The check reads buf.main (FP32, already in L2 cache from the block that just wrote it) and computes a single scalar. It's essentially free.

Implementation

The kernel f32_l2_norm computes √(Σ x²) over the D-dimensional residual vector. One thread-block reduction, ~2 μs on H100.

Measured Results

On H100 / 2B INT4 model:

ThresholdBehaviorIter triggeredNorm value
10.0Aborts earlyiter 030.7
50.0Catches divergenceiter 262.4
1000.0Normal generationmax 45.2
100000.0Never triggers

Usage

CLI

tinyloop model.tinyloop generate \
--prompt "Hello" --loops 8 \
--safety-check --safety-threshold 50.0

Python

tokens = model.generate(
prompt, loops=8,
safety_check=True,
safety_norm_threshold=50.0
)

Server (native endpoint)

{
"prompt": "Hello world",
"loops": 8,
"safety_check": true,
"safety_norm_threshold": 50.0
}

Why This Is Architecture-Exclusive

In a standard transformer, layer 1's hidden state lives in a different representational space than layer 24's. A norm threshold that works for layer 1 would be meaningless for layer 24. In a looped transformer, every iteration operates in the same space with the same weights, so a single threshold applies uniformly.

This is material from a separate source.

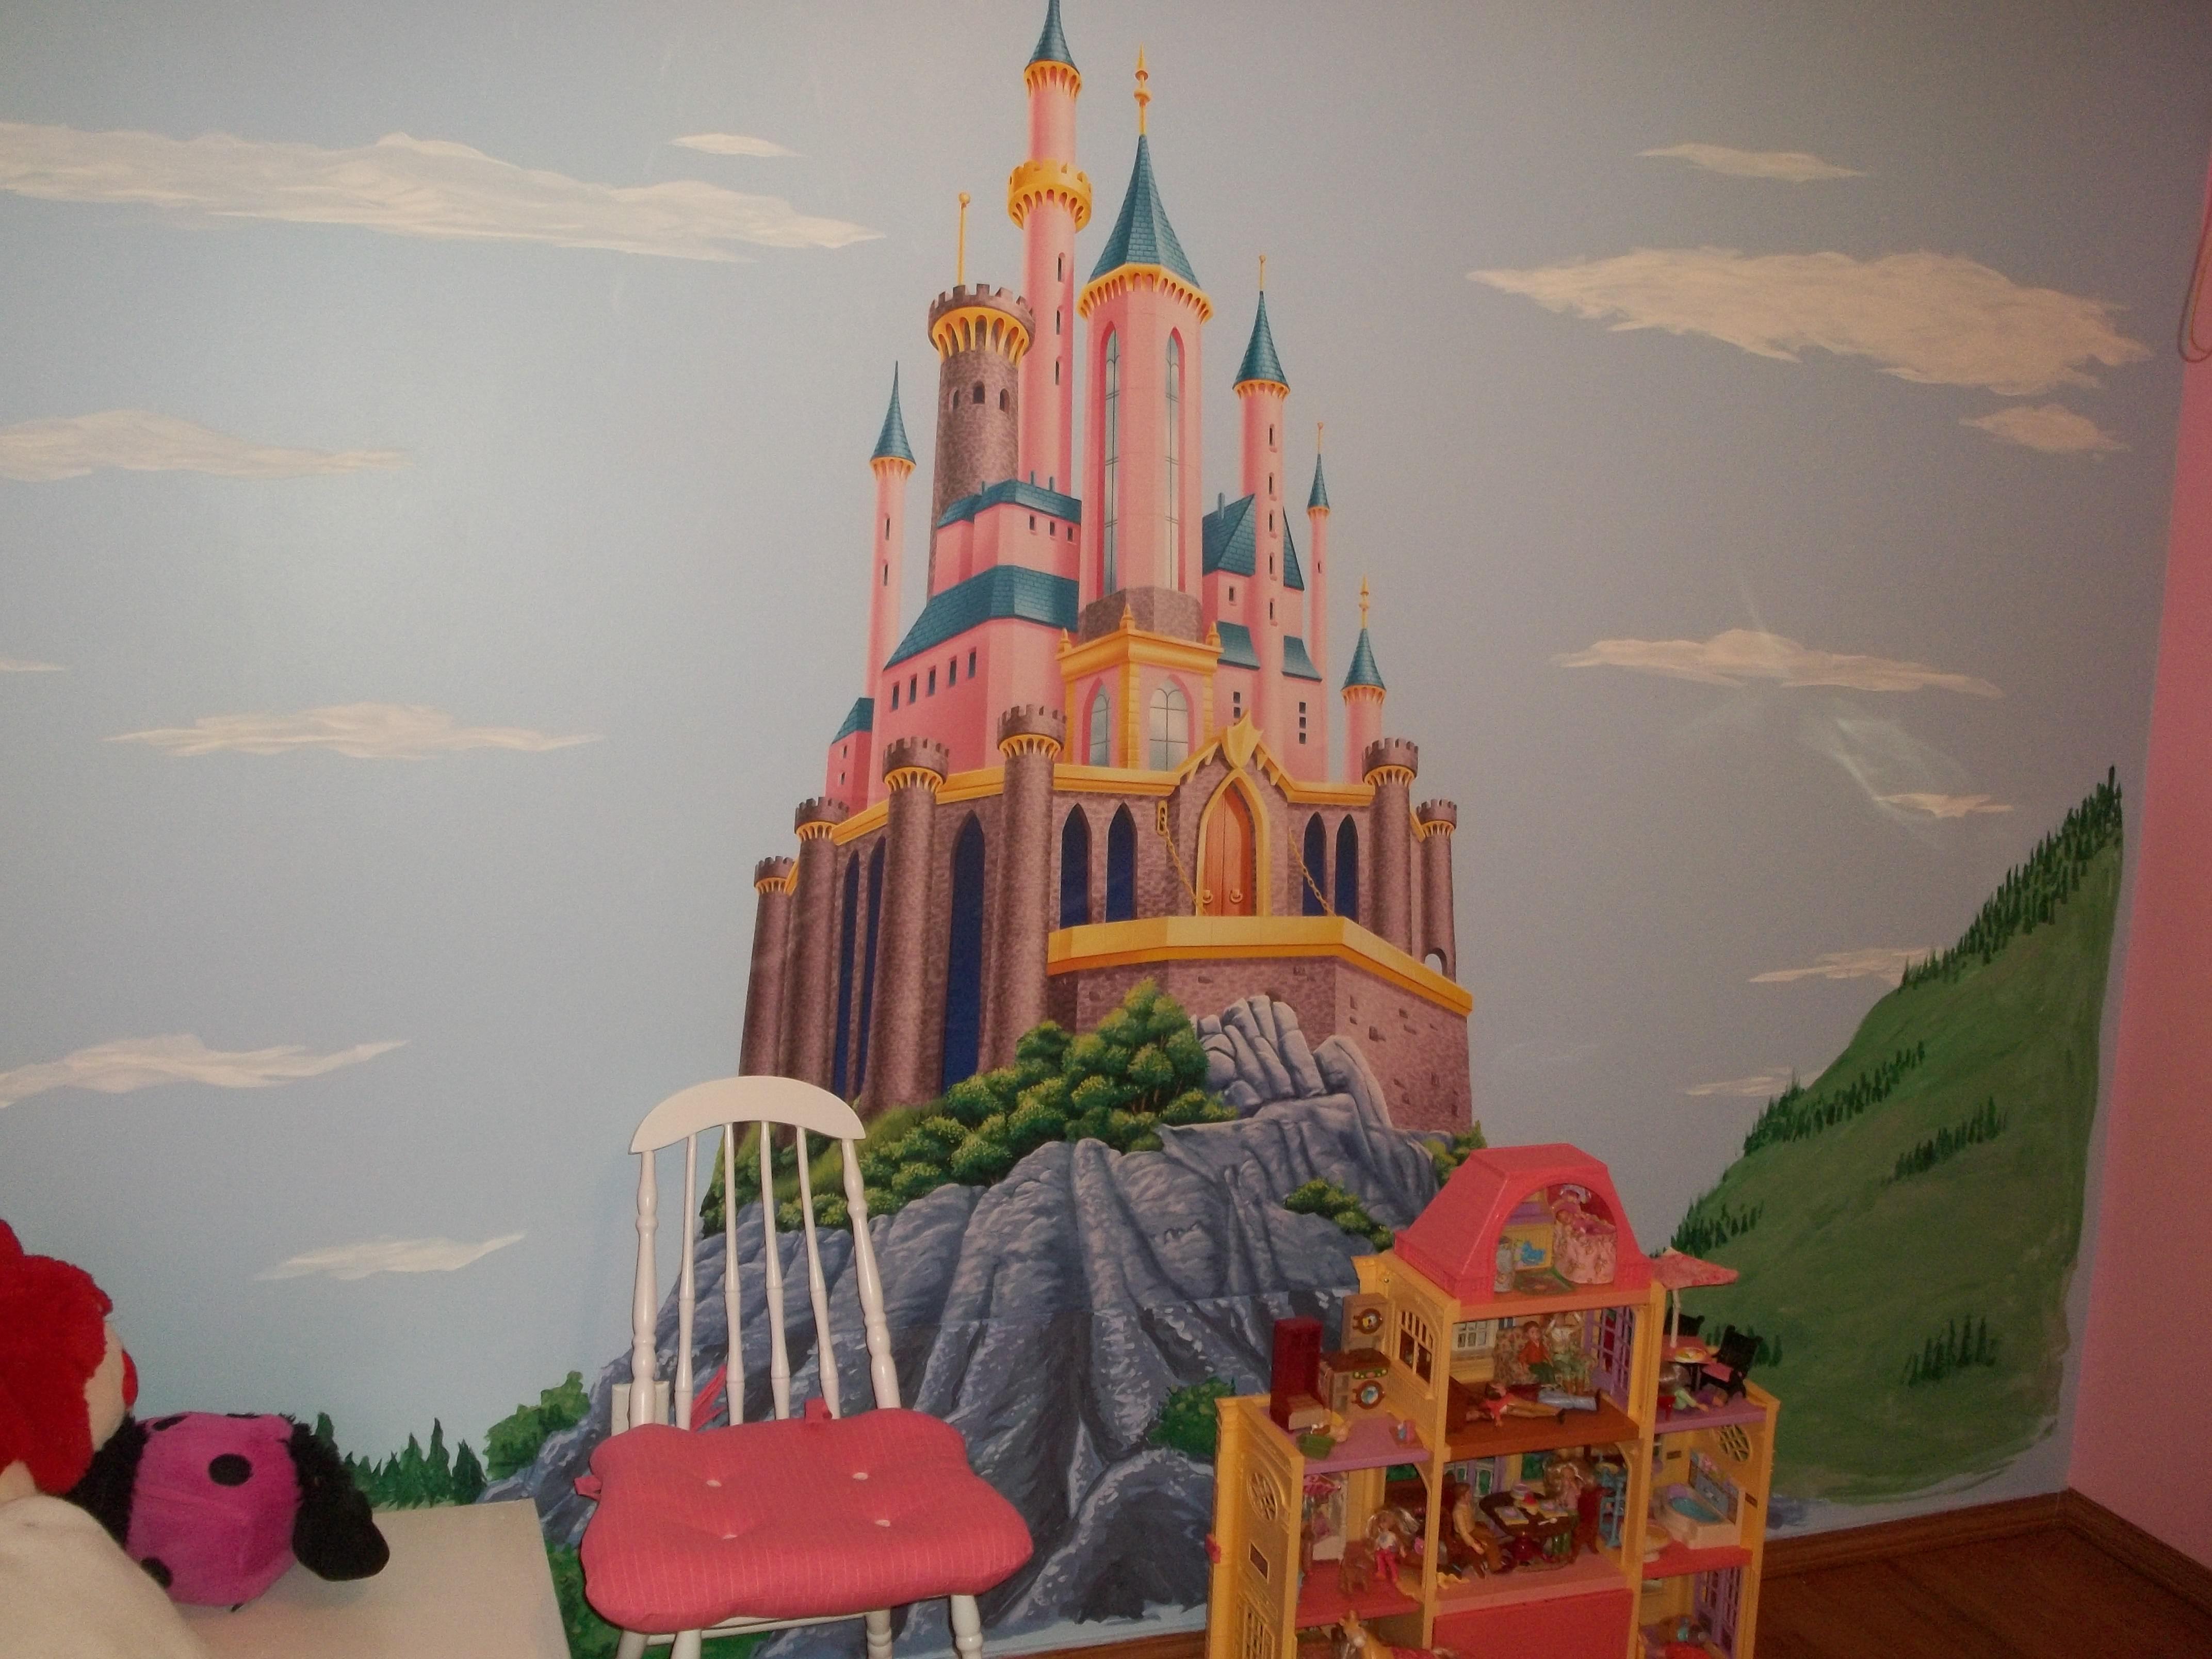 100 disney princess castle wall mural disney princesses in disney princess castle wall mural daughter s new disney princess bedroom d rezzed pop culture news

Integration with Other Safety Features

FeatureScopeCostWhen it fires
Per-iteration norm checkPer token, per iteration0.05% of blockHidden state divergence
β monitoringPer generation call~0%Draft/verify agreement drops
Token-stable early exitPer token1 logit peekOutput stabilizes early
Constrained decodingPer tokenGrammar NFA stepInvalid output

The norm check is the earliest and cheapest safety gate — it fires before the model even produces a logit.